Aetna considers continuous passive motion (CPM) machines medically necessary durable medical equipment (DME) to improve range of motion in any of the following circumstances:
During the post-operative rehabilitation period for members who have received a total knee arthroplasty or replacement as an adjunct to on-going physical therapy (PT); or
Members who have had an anterior cruciate ligament repair until the member is participating in an active PT program; or
Members undergoing surgical release of arthrofibrosis/adhesive capsulitis or manipulation under anesthesia of any joint (knee, shoulder, and elbow the commonest) until the member is participating in an active PT program; or
To promote cartilage growth and enhance cartilage healing during the non weight-bearing period following any of the following until the member begins the weight-bearing phase of recovery:
After abrasion arthroplasty or microfracture procedure ; or
Autologous chondrocyte transplantation; or
Chondroplasties of focal cartilage defects; or
Surgery for intra-articular cartilage fractures; or
Surgical treatment of osteochondritis dissecans; or
Treatment of an intra-articular fracture of the knee (e.g., tibial plateau fracture repair); or
Members who have undergone certain surgeries and may not be able to benefit optimally from active PT, for example members with:
Dupuytren's contracture; or
Extensive tendon fibrosis; or
Mental and behavioral disorders; or
Reflex sympathetic dystrophy; or
Members who are unable to undergo active PT.
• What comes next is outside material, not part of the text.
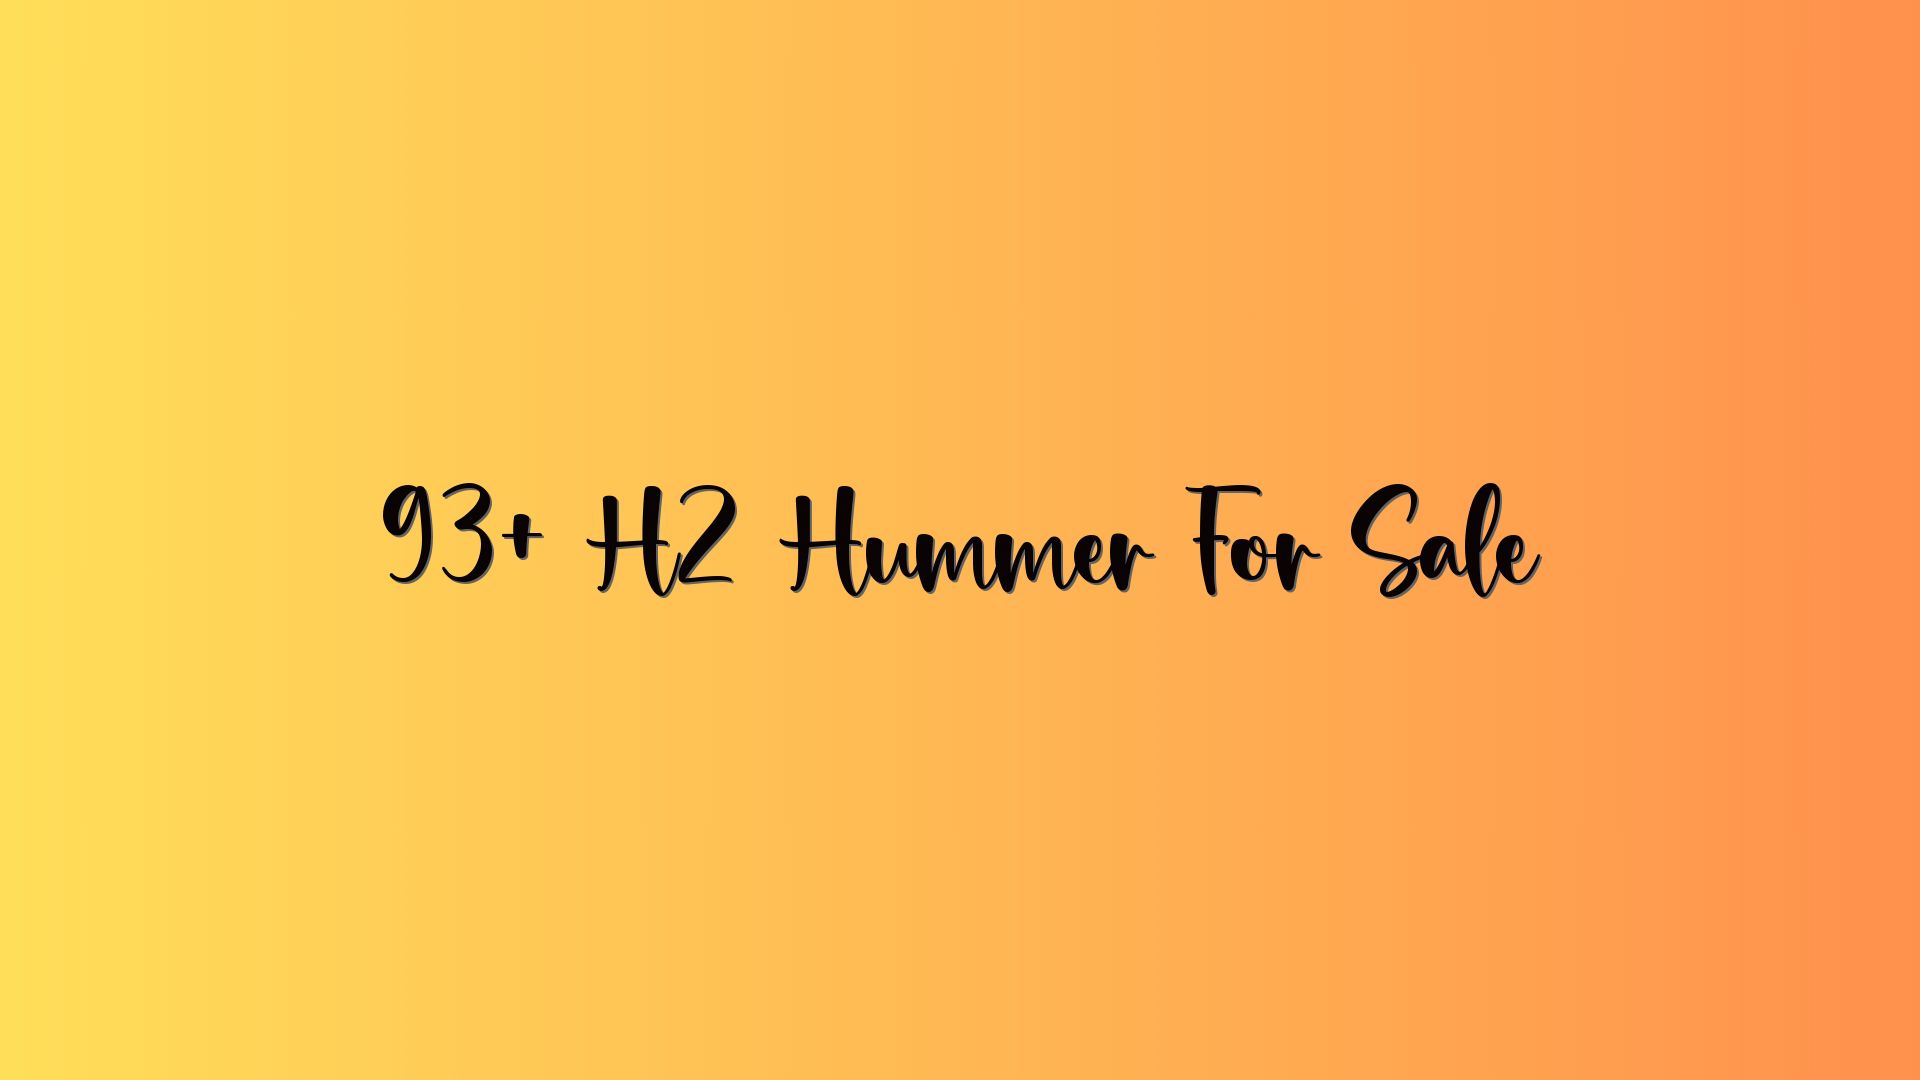 93+ H2 Hummer For Sale

Note: Where the CPM device is used for surgical rehabilitation, the use of this device must commence within 2 days following surgery to meet medical necessity guidelines. Although the usual duration of CPM usage is 7 to 10 days, up to 3 weeks of CPM therapy may be considered medically necessary upon individual consideration. Use of the CPM machine beyond 21 days post-op is not supported by the medical literature. There is insufficient evidence to justify use of these devices for longer periods of time or for other applications.
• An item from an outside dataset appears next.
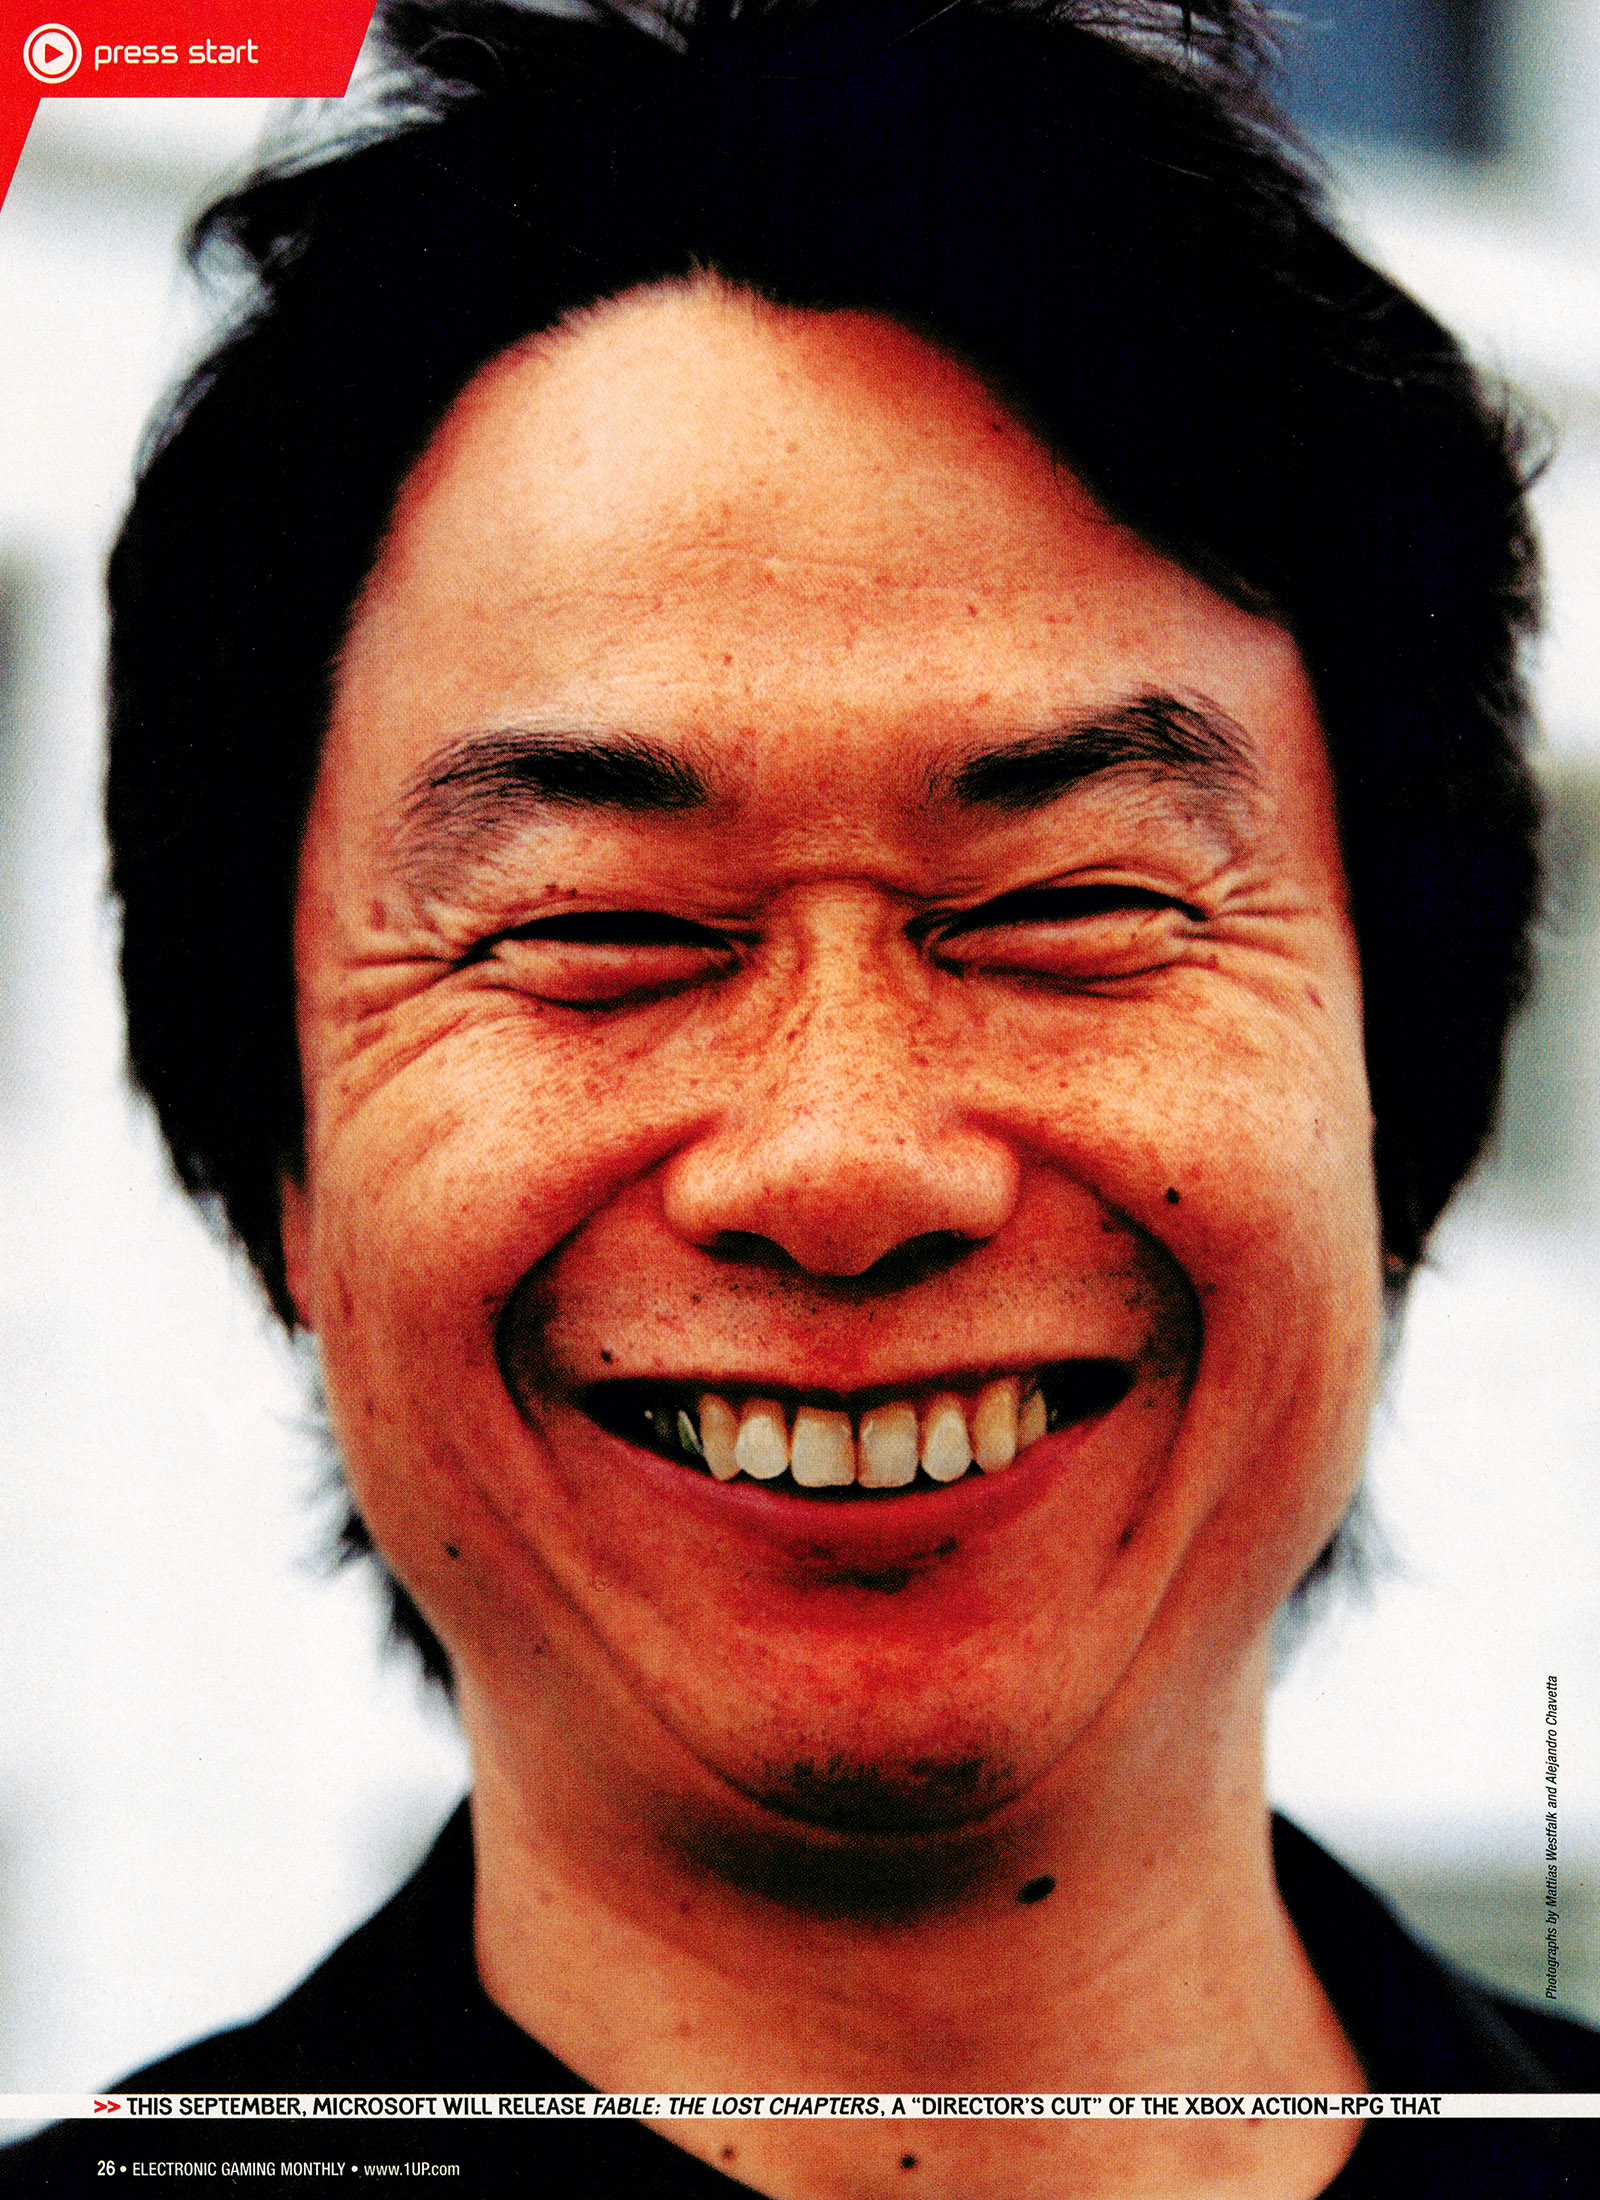 Shigeru Miyamoto Won't be Retiring Anytime Soon

Aetna considers CPM machines experimental and investigational for all other indications, including the ones listed below (not an all-inclusive list), because there is insufficient scientific evidence to support the use of these machines for other indications:
Motion or strength following metacarpophalangeal arthroplasty
Rehabilitation following back surgery
Rehabilitation following foot surgery
Rehabilitation following quadriceps tear
Rehabilitation following temporomandibular joint repair
Rehabilitation of distal radial fractures
Rheumatoid arthritis in the absence of a covered indication
Treatment of low back pain or trauma.
Published studies suggest that continuous passive motion (CPM) can improve range of motion (ROM) in those patients undergoing surgical release of arthrofibrosis of the knee or manipulation of the knee under anesthesia. In these settings, CPM provides for early post-operative motion and is considered a substitute for active PT. Once the patient is participating in active PT, CPM is no longer medically necessary. These observations may be extended to other joints, such as the elbow where arthrofibrosis is a common complication of trauma.
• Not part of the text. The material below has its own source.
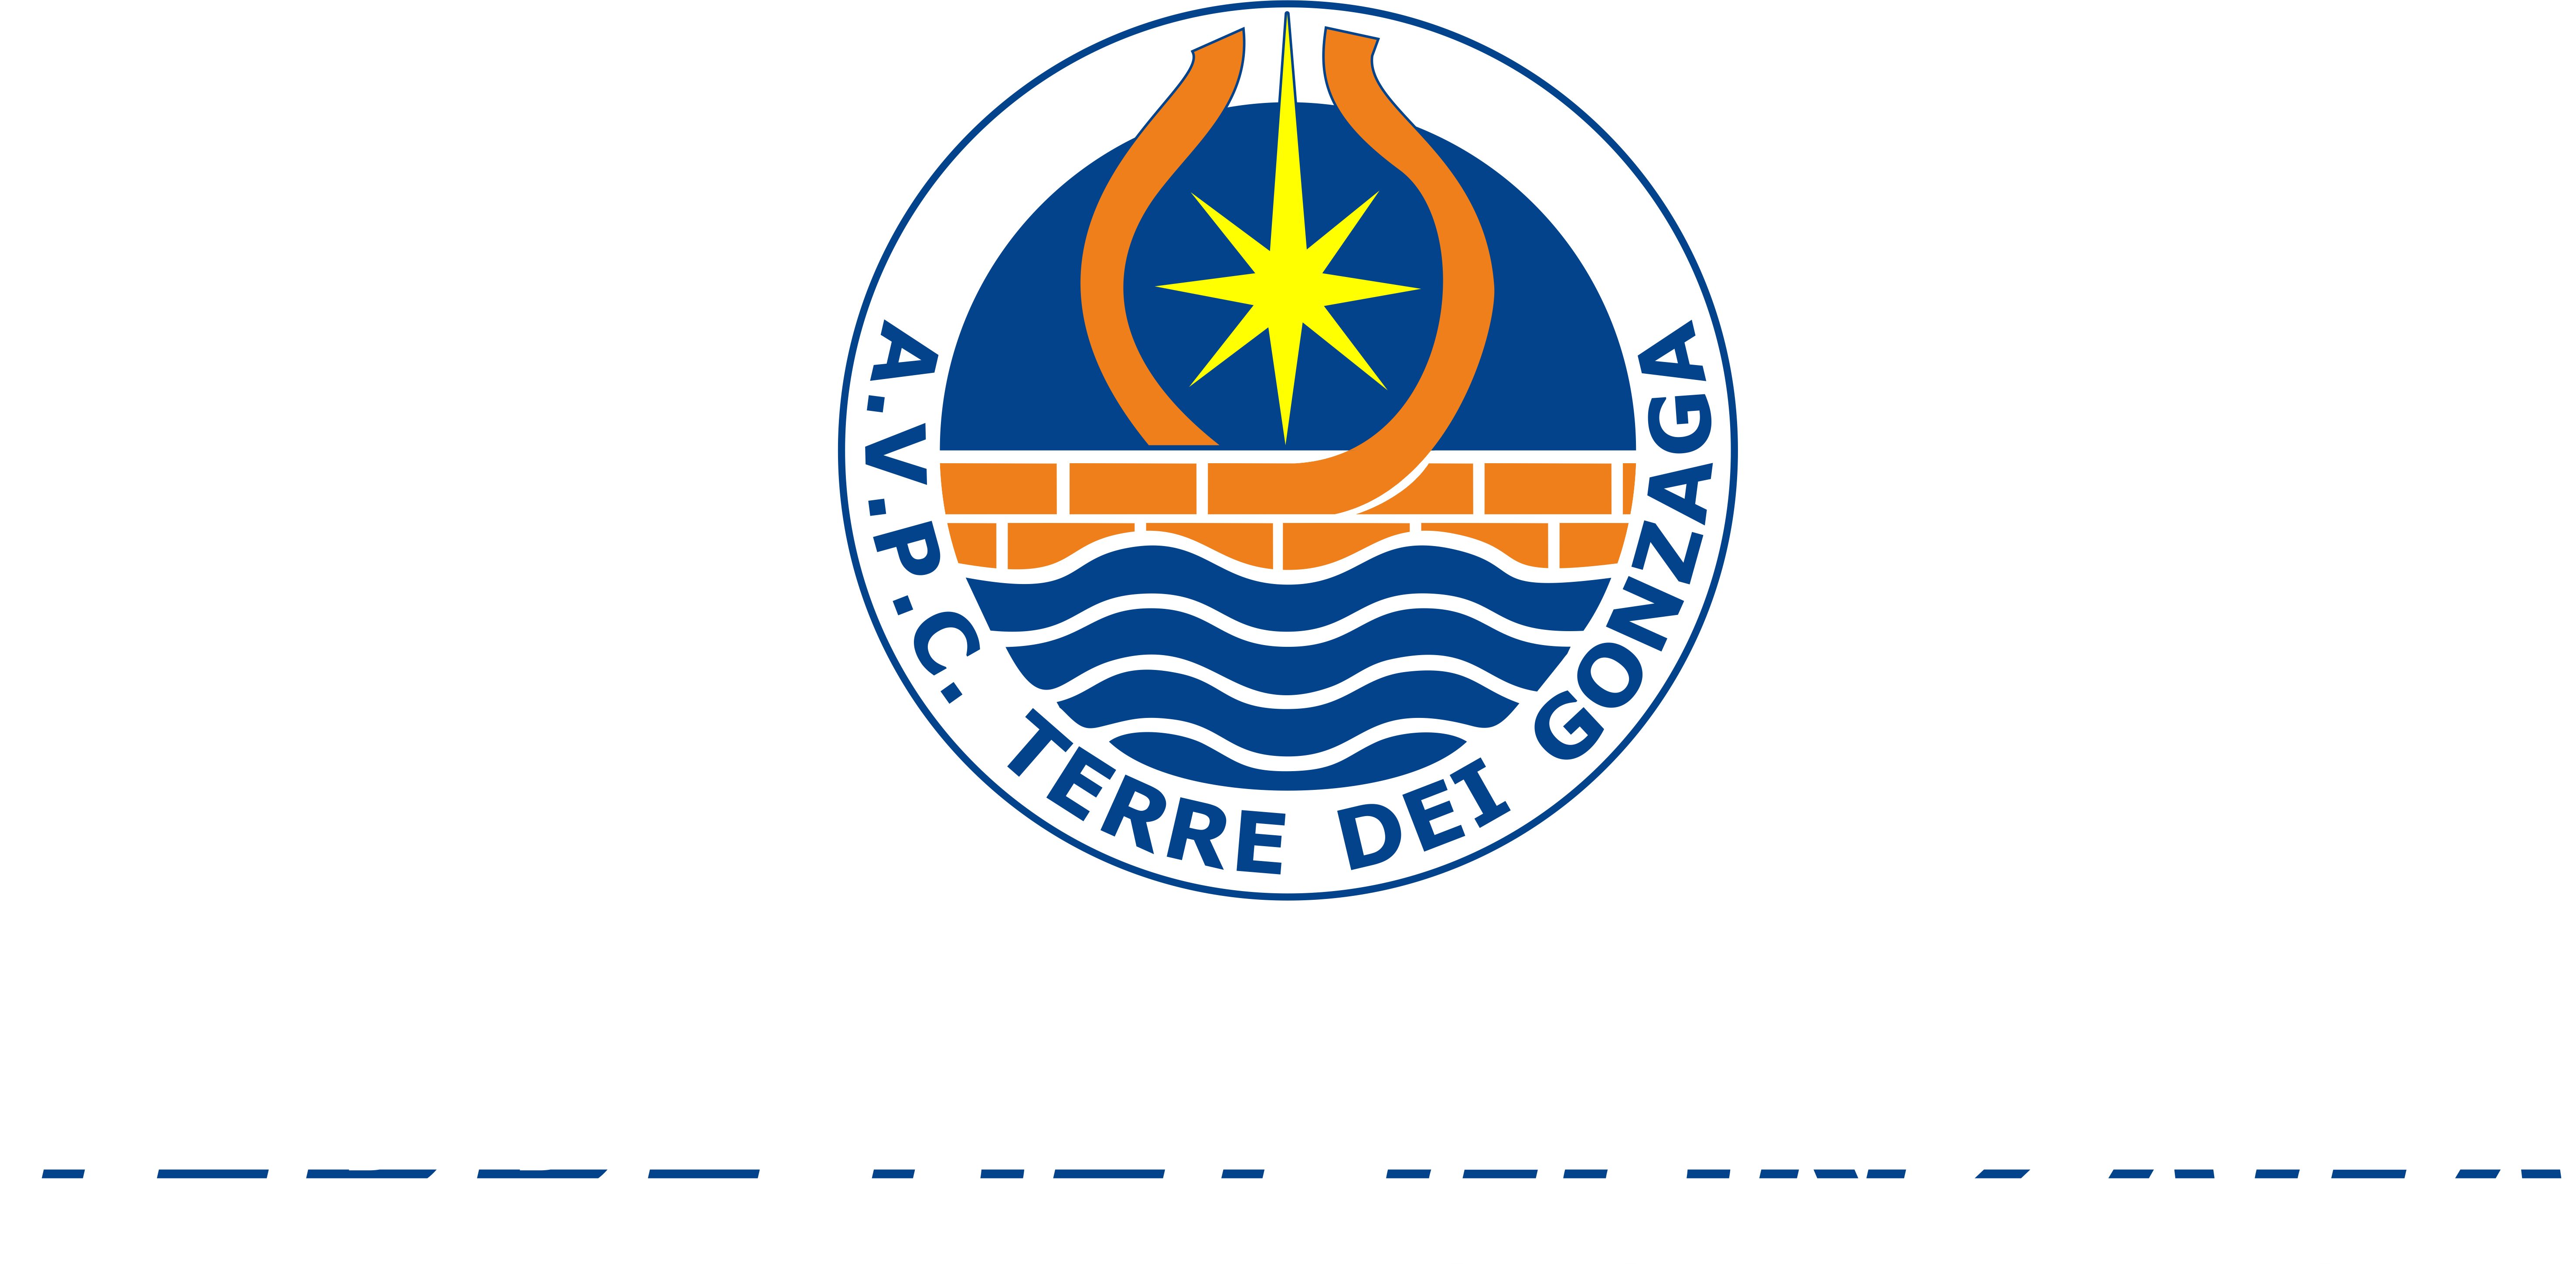 Protezione Civile "Terre dei Gonzaga"

Of all the applications of CPM, the scientific evidence is perhaps strongest for its use in promoting cartilage growth. In addition, clinical studies suggest that CPM can enhance cartilage healing during the non weight-bearing period following surgery for intra-articular cartilage fractures, chondroplasties of focal cartilage defects and surgical treatment of osteochondritis dissecans. Once the patient is weight-bearing, CPM is no longer necessary.
Systematic evidence reviews have found weak or limited evidence for CPM for a number of indications. In a Cochrane review, Handoll et al (2006) evaluated the effects of rehabilitation interventions in adults with conservatively or surgically treated distal radial fractures. Fifteen trials, involving 746 mainly female and older patients, were included. Initial treatment was conservative, involving plaster cast immobilization, in all but 27 participants whose fractures were fixed surgically. Though some studies were well-conducted, others were methodologically compromised. For interventions started during immobilization, there was weak evidence of improved hand function for hand therapy in the days after plaster cast removal, with some beneficial effects continuing 1 month later (1 trial). There was weak evidence of improved hand function in the short- term, but not in the longer term (3 months), for early occupational therapy (1 trial), and of a lack of differences in outcome between supervised and unsupervised exercises (1 trial). For interventions started post-immobilization, there was weak evidence of a lack of clinically significant differences in outcome in patients receiving formal rehabilitation therapy (4 trials), passive mobilization (2 trials), ice or pulsed electromagnetic field (1 trial), or whirlpool immersion (1 trial) compared with no intervention. There was weak evidence of a short-term benefit of CPM (post-external fixation) (1 trial), intermittent pneumatic compression (1 trial) and ultrasound (1 trial). There was weak evidence of better short-term hand function in participants given physiotherapy than in those given instructions for home exercises by a surgeon (1 trial). The authors concluded that available evidence from randomized controlled trials is insufficient to establish the relative effectiveness of the various interventions used in the rehabilitation of adults with fractures of the distal radius.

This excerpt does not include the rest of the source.